Bagi Jokowi dan kompatriotnya, skandal Ijazah menjadi titik nadir klimaks atau anti klimaks perjalanan politiknya. Jokowi beserta keluarga dan kroni tak bisa menghindar dari fase “kill or to be killed”. Rezim Jokowi berada dalam “peperangan terbunuh atau dibunuh”, sekalipun menghadapi rakyatnya sendiri.


Dari dua periode berkuasa, Jokowi berada dalam ambang batas menyingkirkan atau disingkirkan dalam mencapai kepentingan dan tujuan politiknya.


Kedua,


Lain halnya Jokowi, lain pula rakyat Indonesia. Publik di dunia nyata maupun di dunia maya menjadikan skandal ijazah Jokowi sebagai pintu masuk untuk membongkar sekaligus mengadili semua kebobrokan dan kejahatan dua periode pemerintahan Jokowi.


Lebih dari sekedar legalitas dan legitimasi ijazah yang “equivalent” dengan legalitas dan legitimasi pemerintahan Jokowi sebelumnya.


Rakyat juga menuntut persoalan etika, moral dan hukum bagi kepemimpinan Jokowi dan pemerintahannya yang lalu jika ijazah Jokowi terbukti palsu.


Dengan demikian tuntutan rakyat menjadi relevan dengan upaya menegakan kebenaran dan keadilan, meluruskan sejarah serta tekad kuat dalam membangun harga diri, kehormatan, martabat dan jatidiri bangsa Indonesia pada kancah internasional.


Lebih dari itu dan menjadi substansial juga, respon Jokowi terhadap tuduhan Ijazah palsunya yang arogan dan represif mutlak untuk dimintai pertanggunganjawabnya.


Gerakan kesadaran dan kritis terhadap keberadaan ijazah Jokowi yang telah menjadi korban tangan besi rezim Jokowi, seperti Bambang Tri, Gus Nur menyusul Eggy Sudjana, Roy Suryo, Rizal Fadilah, Rismon Sianipar dll. serta semua yang tergabung dalam Tim Pembela Ulama dan Aktifis (TPUA) yang menjadi pelopor penggugat ijazah palsu, penting dan wajib untuk dilindungi dan mendapatkan perlakuan yang selayaknya di mata hukum.
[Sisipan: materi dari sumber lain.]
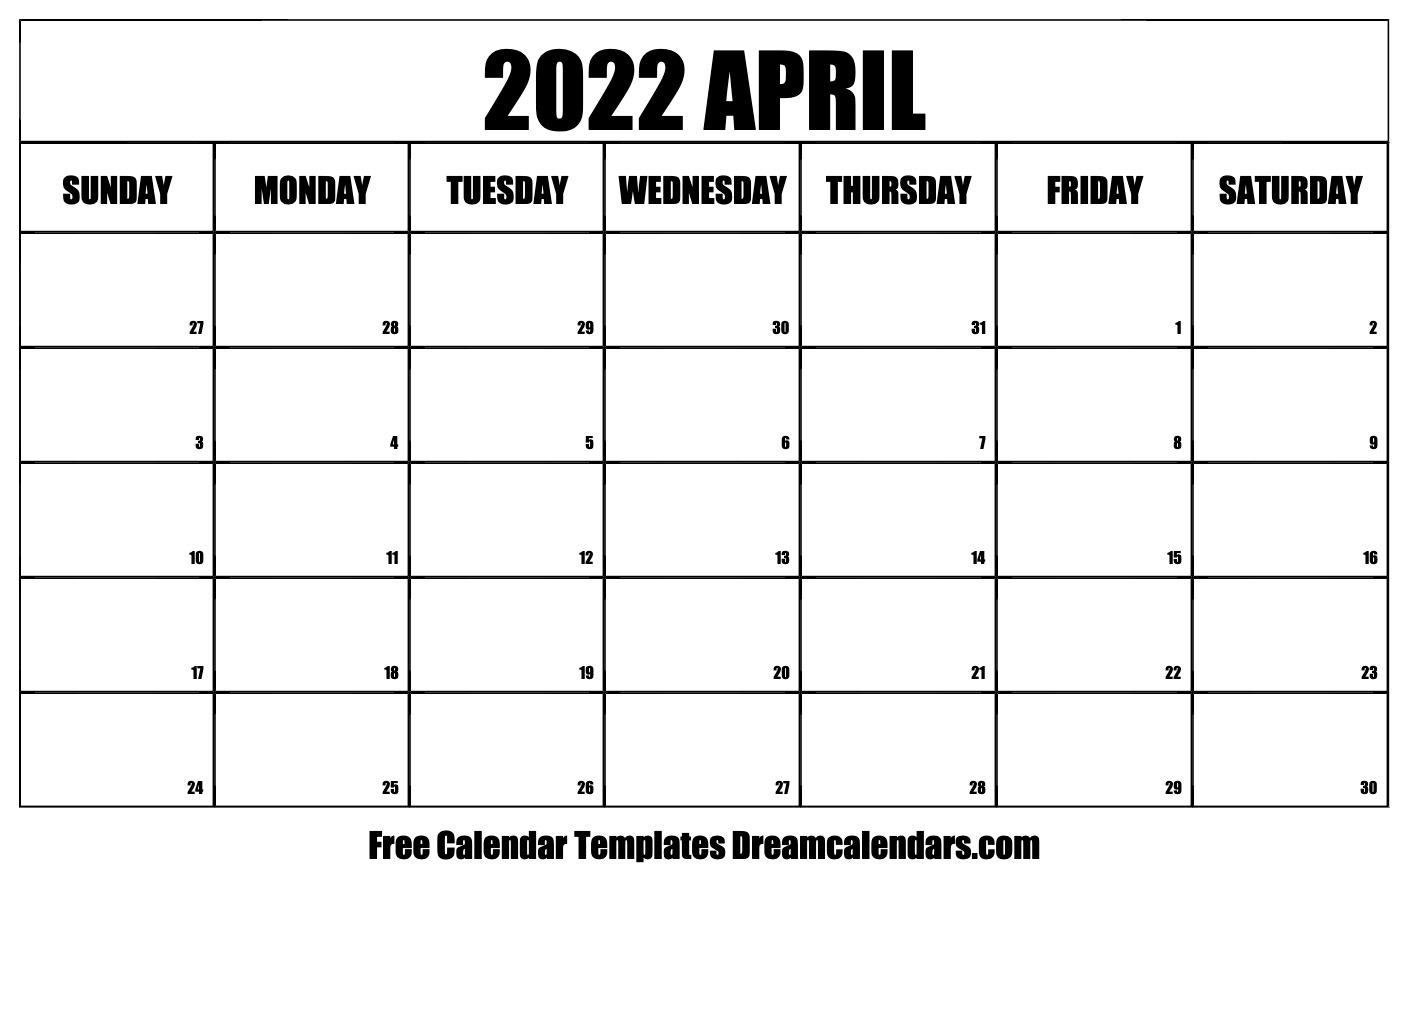 April 2022 Calendar | Free Blank Printable Templates Intended For March April 2022 Calendar Print

Bagi publik dan boleh jadi kini telah menjadi perhatian dunia, skandal ijazah Jokowi terlepas asli atau palsu setidaknya menjadi aib yang begitu memalukan.


Bangsa yang terkenal dengan adat ketimuran dan mayoritas umat Islam menghasilkan presiden dengan banyak gugatan kepalsuan, lebih dari sekedar rumor kepalsuan ijazahnya.


Buruk pemimpin merupakan cermin dari buruk rakyatnya.


Atau sebaliknya, pemimpin yang dzolim akan melahirkan rakyat yang sakit.


Rakyat menuai hasil yang ditanamnya, pemimpin akan menanggung akibat dari semua yang dikerjakannya.


Jokowi harus seperti menghadapi buah simalakama dari kasus ijazahnya, sembari bertarung dengan stigma buruk dan jahat dari tradisi kebohongannya di mata rakyat.


Sementara bagi rakyat, lebih dari masalah ijazah, panjang umur perlawanan dan abadi perjuangan menegakan kebenaran dan keadilan.


Begitulah ghiroh rakyat teraniaya dan tertindas.